Two hundred years after the War of 1812 another equally important war was declared. The War of 2012 is a little known war that recently took place in small town sort-of-Southern-feels-like-uninhabited-wilderness-compared-to-the-great-city-of-Toronto-and-surrounding-area Ontario.
A woman and a man unwittingly conceived a giant fetus of the male variety in February. In preparation for his arrival the woman (with permission from the man, although he denies it to this day) acquired a giant puppy dog from a farm. She figured the pup would keep her company during the long days when the man was at work, and teach her to deal with all of the pleasant things that come with child-rearing, such as potty accidents, projectile vomiting, constant whining and separation anxiety.

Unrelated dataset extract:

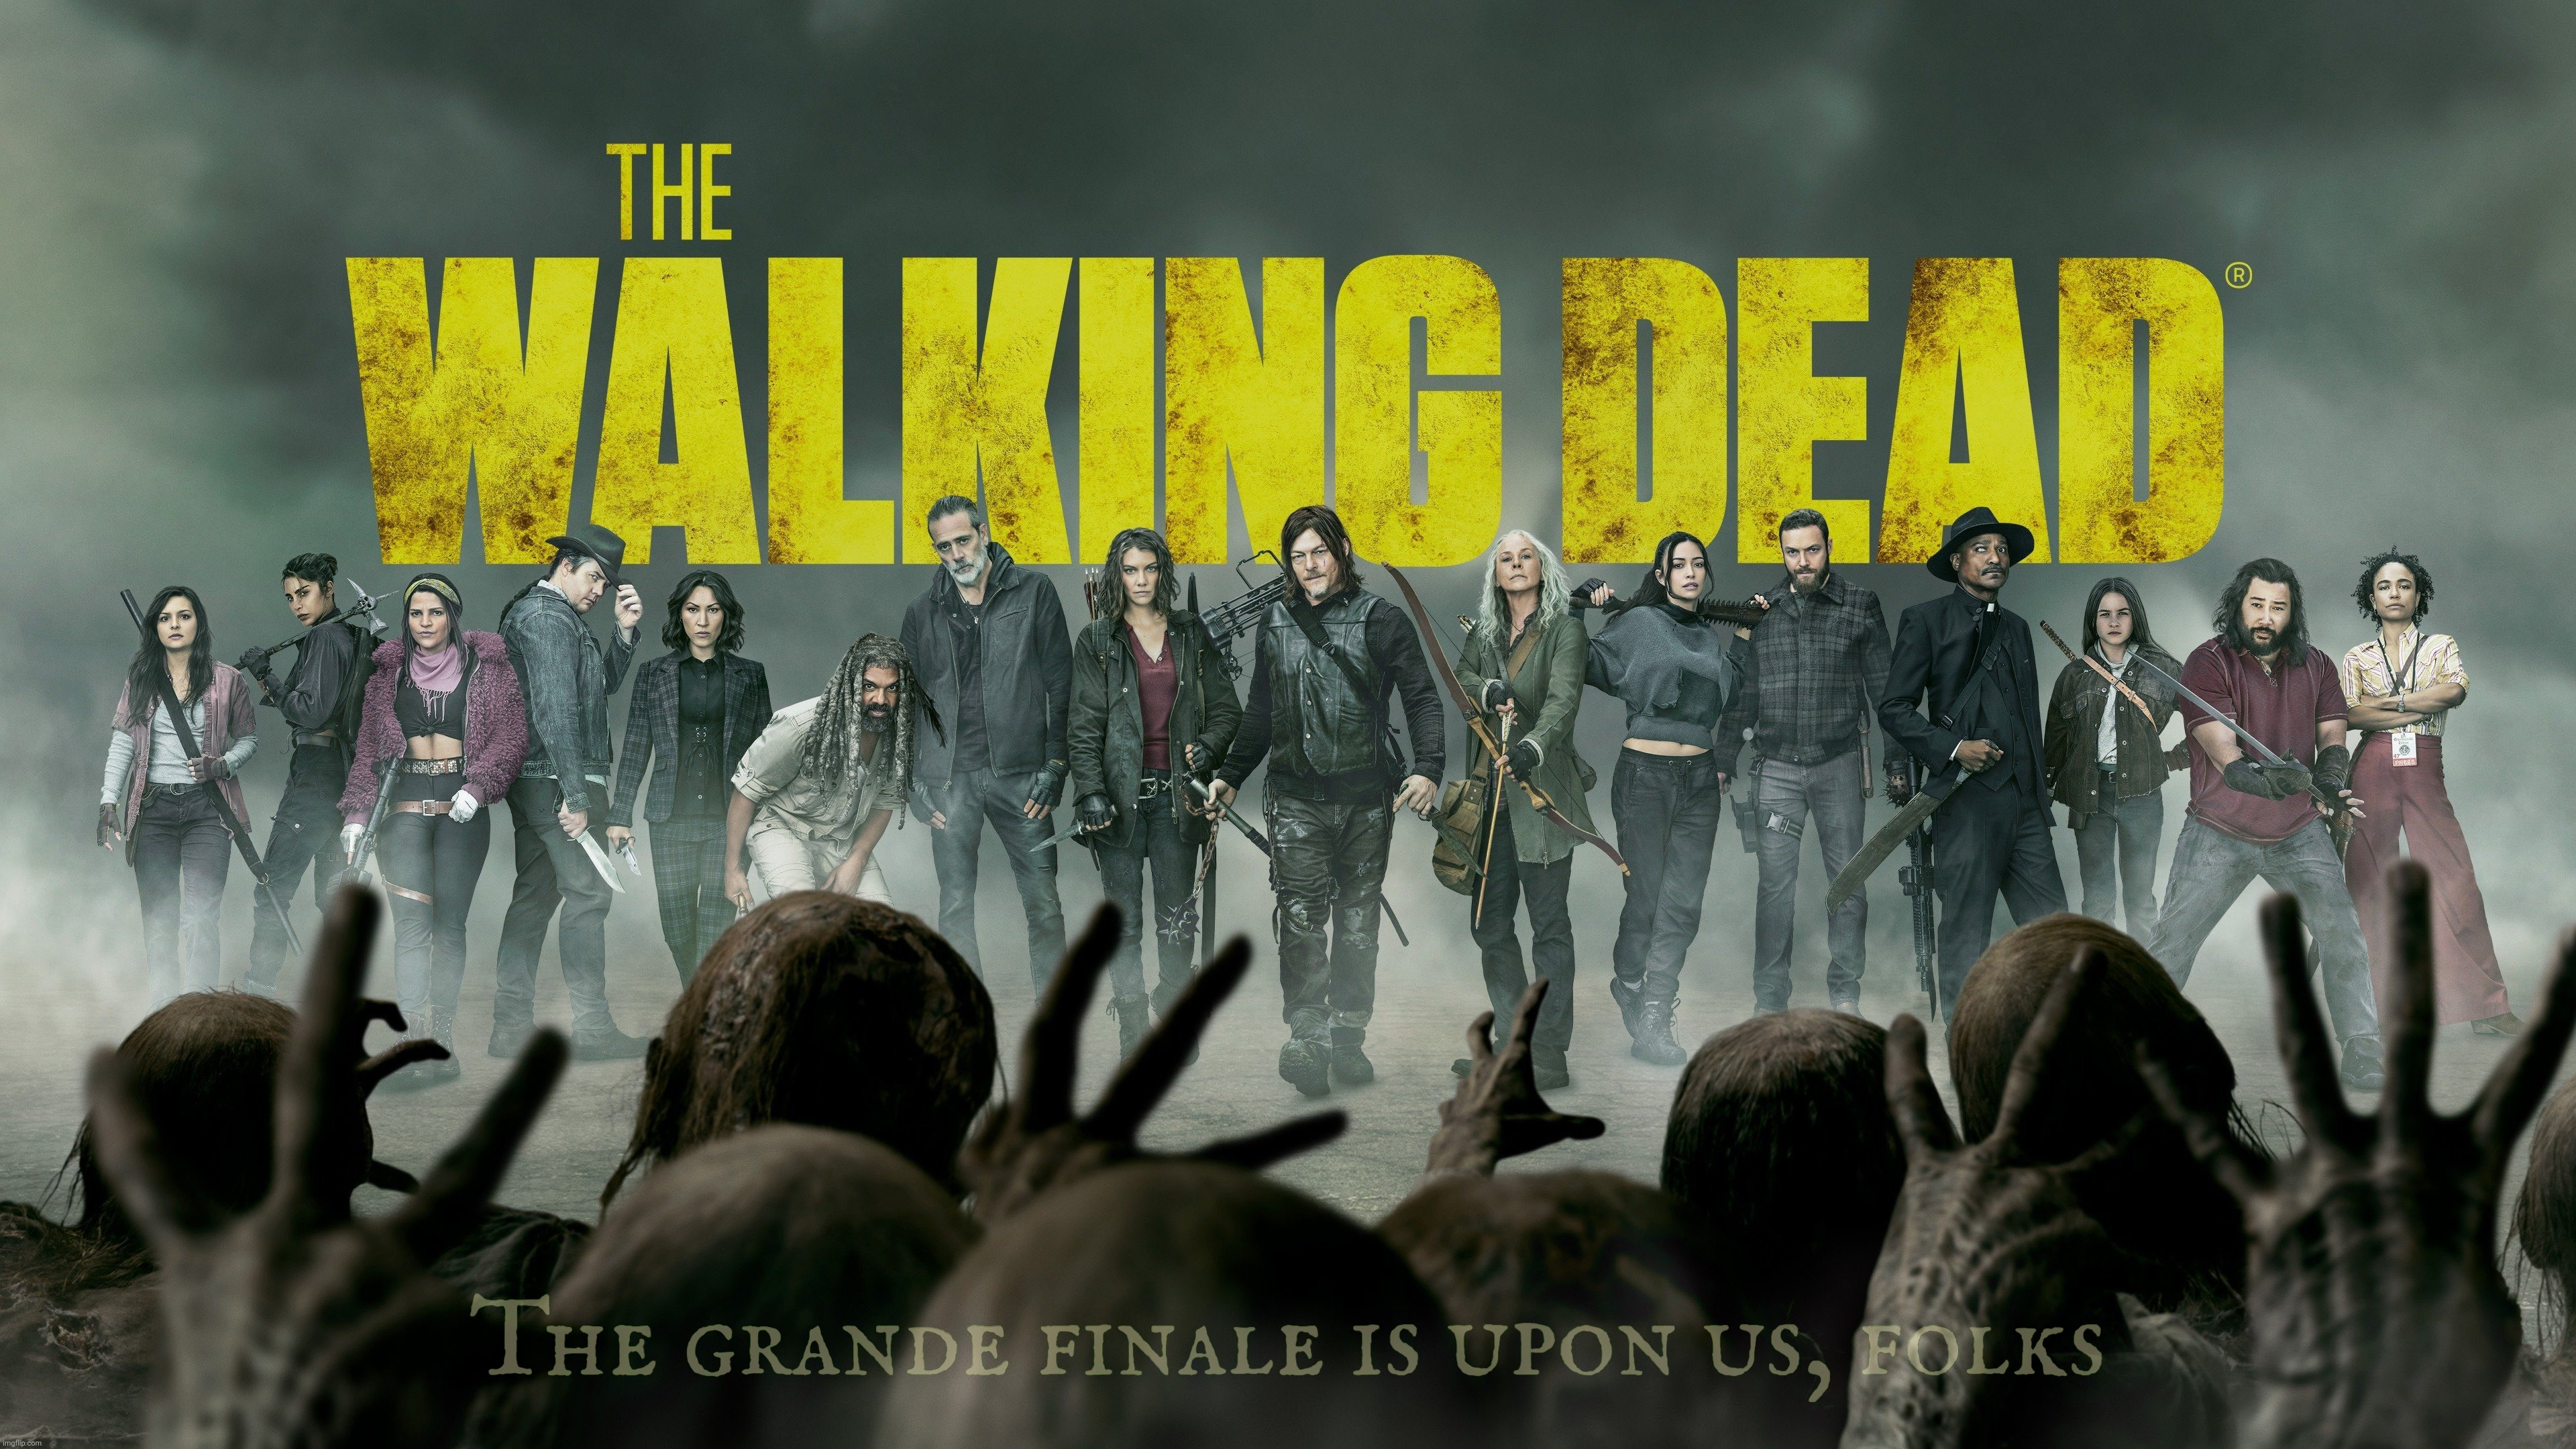 Sad day, but at least it ran to the end. Thank you all... | The grande finale is upon us, folks | image tagged in the walking dead,twd,the final episode,thanks for the memories,we love yous all,11 seasons 177 episodes 12 years | made w/ Imgflip meme maker

Of course, something else that happens to new parents (and all parents I’m sure) is that they develop a whole new set of child-related worries. This pair worried about very different things. She worried about things like car accidents and second and third-hand smoke. He worried that the puppy was going to eat the baby.
The woman liked it when the puppy slept at the foot of their bed. It gave her a sense of comfort. Mostly the comfort that she would not awaken to a kennel full of dog poop or vomit. Since she wasn’t sleeping much in those days, due to being mauled from the inside by the giant fetus, she could hear if the puppy was getting ill in the night and everyone knows that it’s much easier to deal with as it’s happening, not hours after the fact. The man was convinced that if the the dog were allowed to sleep in their room, she would pounce on the baby in the night and eat him.
As much as the woman liked to make fun of this, she acknowledged that it is probably better not to have the dog sleep in the same room as the baby, because even though she is more like a fluffy bunny than a mountain lion, you do never know. She wouldn’t eat the baby, but she may jump up on the bed randomly some night (although she doesn’t do this now) and accidentally maul one or all of the family members in her quest for love and nighttime cuddles.
This brings the tale to the present. The last two nights the woman has conceded (basically, she lost the war… le sigh) and allowed the man to lock the dog in her kennel for the night. The first night was uneventful, although the woman caved and let the dog out of the kennel at 4am so that she could have company in her insomniatic (<- apparently this is not a word) state. Last night she did plead with him to allow the fur monster to once more share their room, but he remained cold and unmoved. She cried, tore at her hair, tore at his hair and beat her hands relentlessly on his chest. Actually, she just tried to put on her best sad eyes and pouty lips, but it didn’t work. The man asked, “What if the giant fetus is allergic to dogs?”, and pointed out that the woman had already violated the one rule they’d made about keeping the dog out of the soon-to-be baby’s room. How the hizzle did he know that the dog had been helping her set up the crib by attempting to eat their unborn son’s first teddy bear (it bears repeating here that although the dog did grab the teddy by the face, she has never ever ever bitten a human being)?
Knowing that she could not win, the woman let the man lock the dog in her kennel again. They fell asleep entangled in a lover’s embrace. BAHAHAH. That did not happen. He fell asleep and she then pried the remote out of his hands. He rolled over and began to snore as she watched the excitement that is the Jeopardy Teen Tournament and felt proud of herself for knowing more than 75% of the answers. Next thing she knew it was 2am and the puppy was whining… at the foot of their bed. The woman felt very spooked because she had watched the man lock the kennel. Had she sleepwalked and released her? Had someone broken into the house, stole nothing and released the dog? Was there a puppy freeing ghost lurking in the shadows? Had the dog grown opposable thumbs? Or maybe opposable thumbs are just overrated and the dog is a genius…
The woman blearily stumbled down the stairs, dog in tow, and locked her back in the kennel. She then returned to bed and lay awake feeling spooked for about an hour, wondering if the ghost of some crazed anti-kennel training PETA activist was plotting to attack once she’d fallen asleep once more.
The War of 2012 will go down in the history books as being won by the man. The woman will likely have this rubbed in her face from now until death parts them. The baby will likely be told the tale ad nauseam by his father. The woman, however, will always remember the night that the dog escaped her confines and will know that the real winner of this war was the dog, opposable thumbs be damned.